Firstly, there is no doubt that the case indicated is sickening. I’m sure that mistakes were made by professionals – as much as been said openly. But for the leader of the Conservative Party to extrapolate, as he did in a speech last week, that it indicates that society in Britain is ‘broken’ and lays the blame on the current government, reeks of mean-minded opportunism and a poor understanding and analysis of the country today.

We shouldn’t forgot what the previous Conservative government did to break society and to break Britain – from the sell-off of social housing which has led to increased overcrowding and a more desperate rush for the homes that are available to the miners strike and breaking of the industrial base of the north of England, leading to greater divides between the North and South and the promotion of the ‘me’ culture.

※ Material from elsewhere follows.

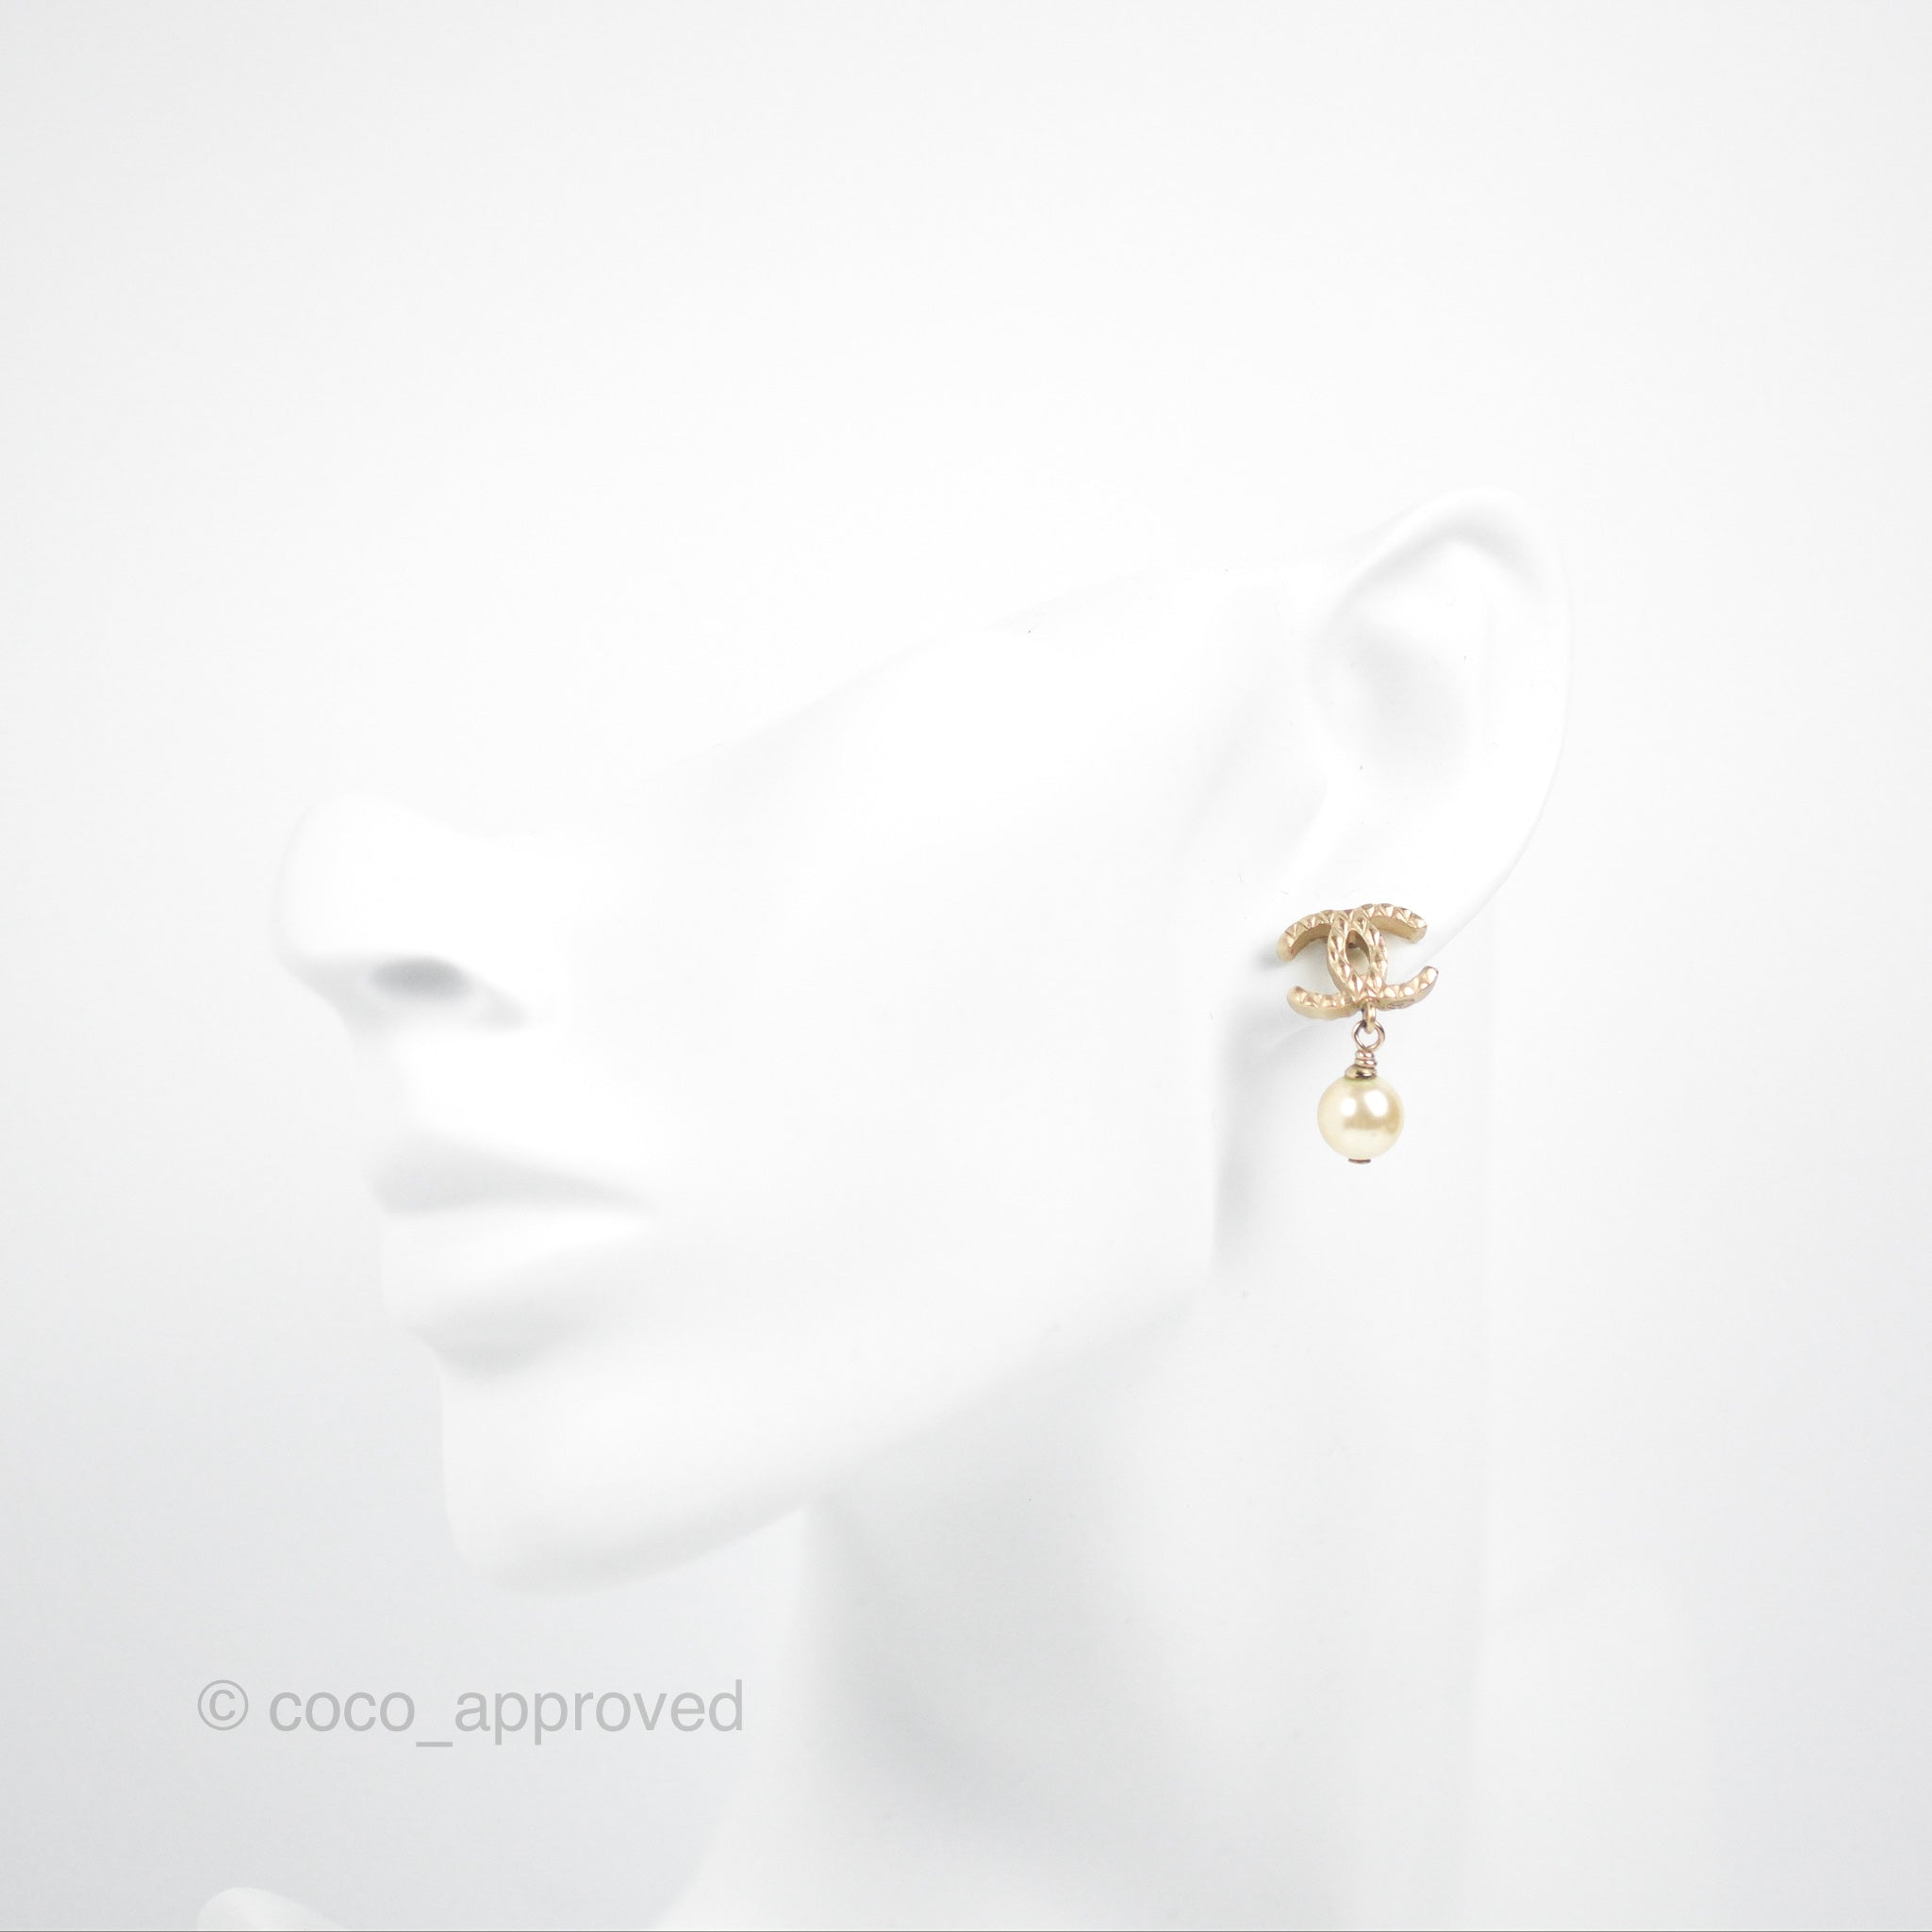 cc coco chanel earrings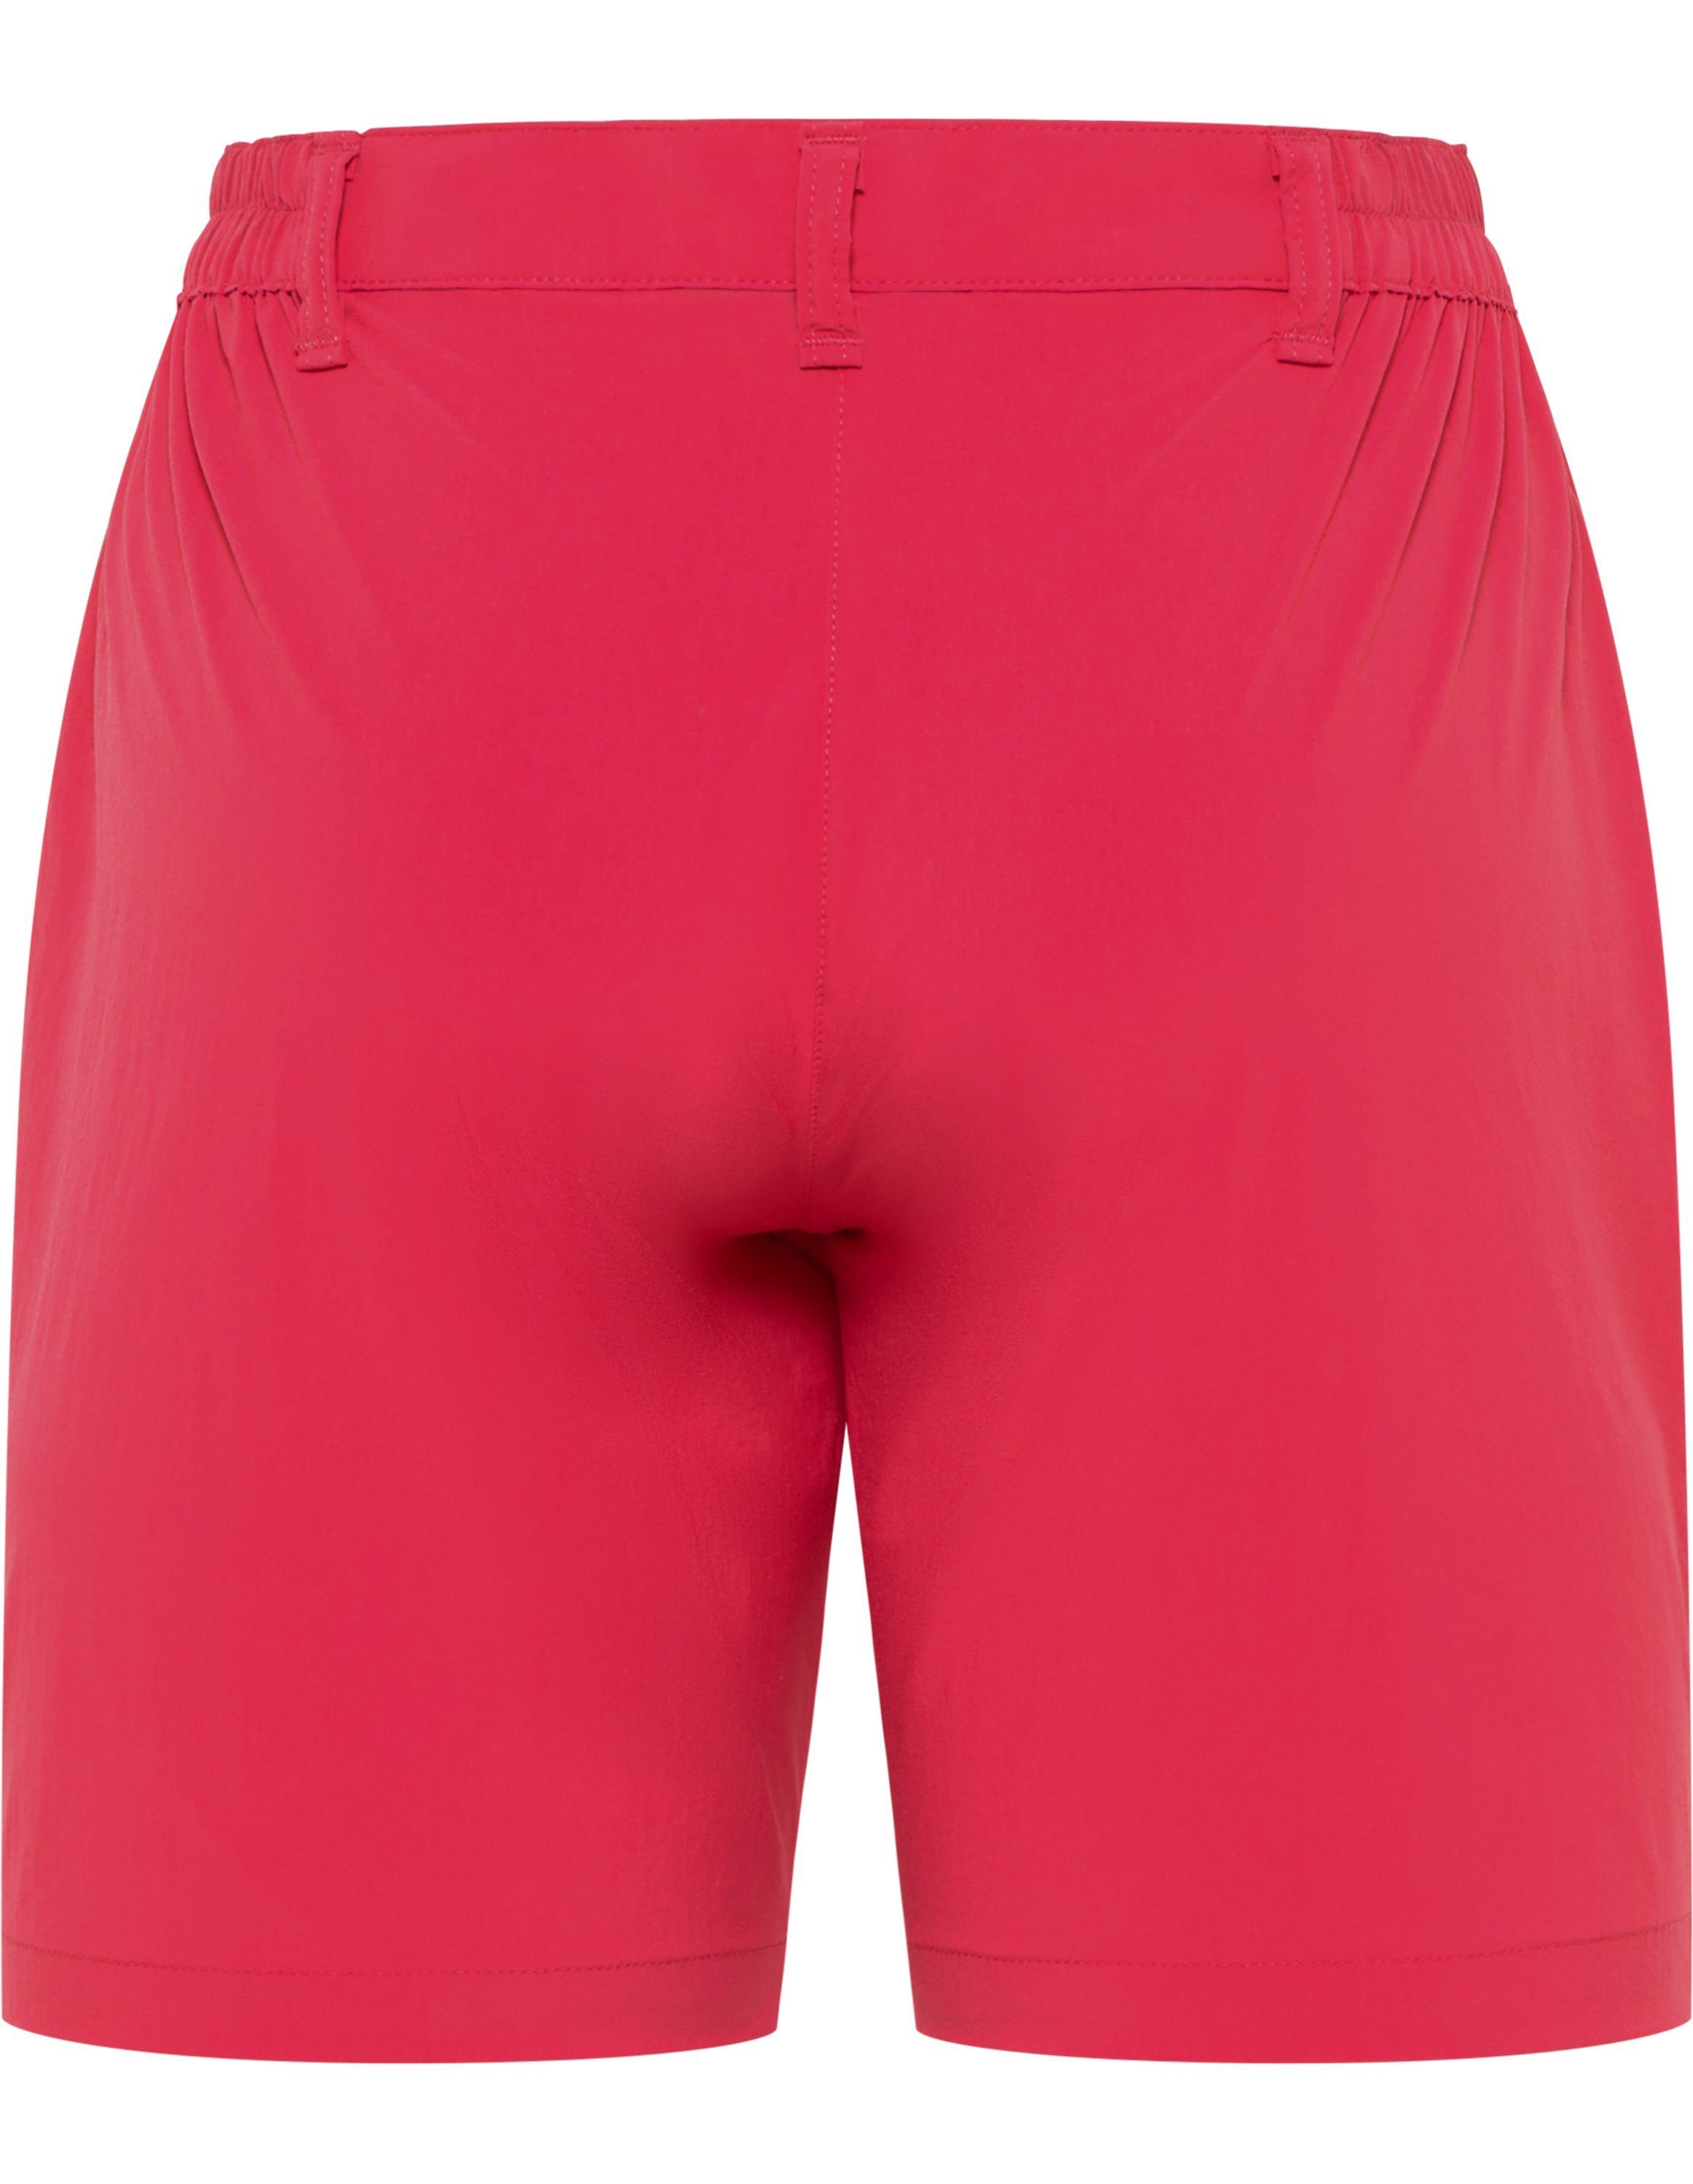 Kurze Hose Hot-Sportswear red Ordesa Trainingsshorts rose

6 thoughts on “Broken Britain?

  1. You are right to accuse Cameron of opportunism. Others have pointed out the simiarities between his speech on Edlington and Blair’s remarks in 2003 on the Bulger case. A party in opposition for many years, laying blame at the feet of the government.

    However, I disagree with the conclusions you draw. We need to resist the moral panic. The fact that we instinctively think back to a case seventeen years ago shows how rare these cases are. We have tabloid media that loves child tragedies – the Mail and the Express have kept the Madeleine McCann story going for almost three years – but if society really had broken down, there would be a new one every month.

    I don’t want to dispute your class-based analysis, but I do think your narrative highlights the extent to which social workers view their clients as “The Other”. As you point out, there’s plenty of people leading compassionate, decent, ethical lives on low incomes. The challenge, as Jenni Russell suggested in the Sunday Times yesterday, is to look at the whole question of how government spends money on interveneing in people’s lives, and its habit of stigmatising people and treating them as ‘problems’.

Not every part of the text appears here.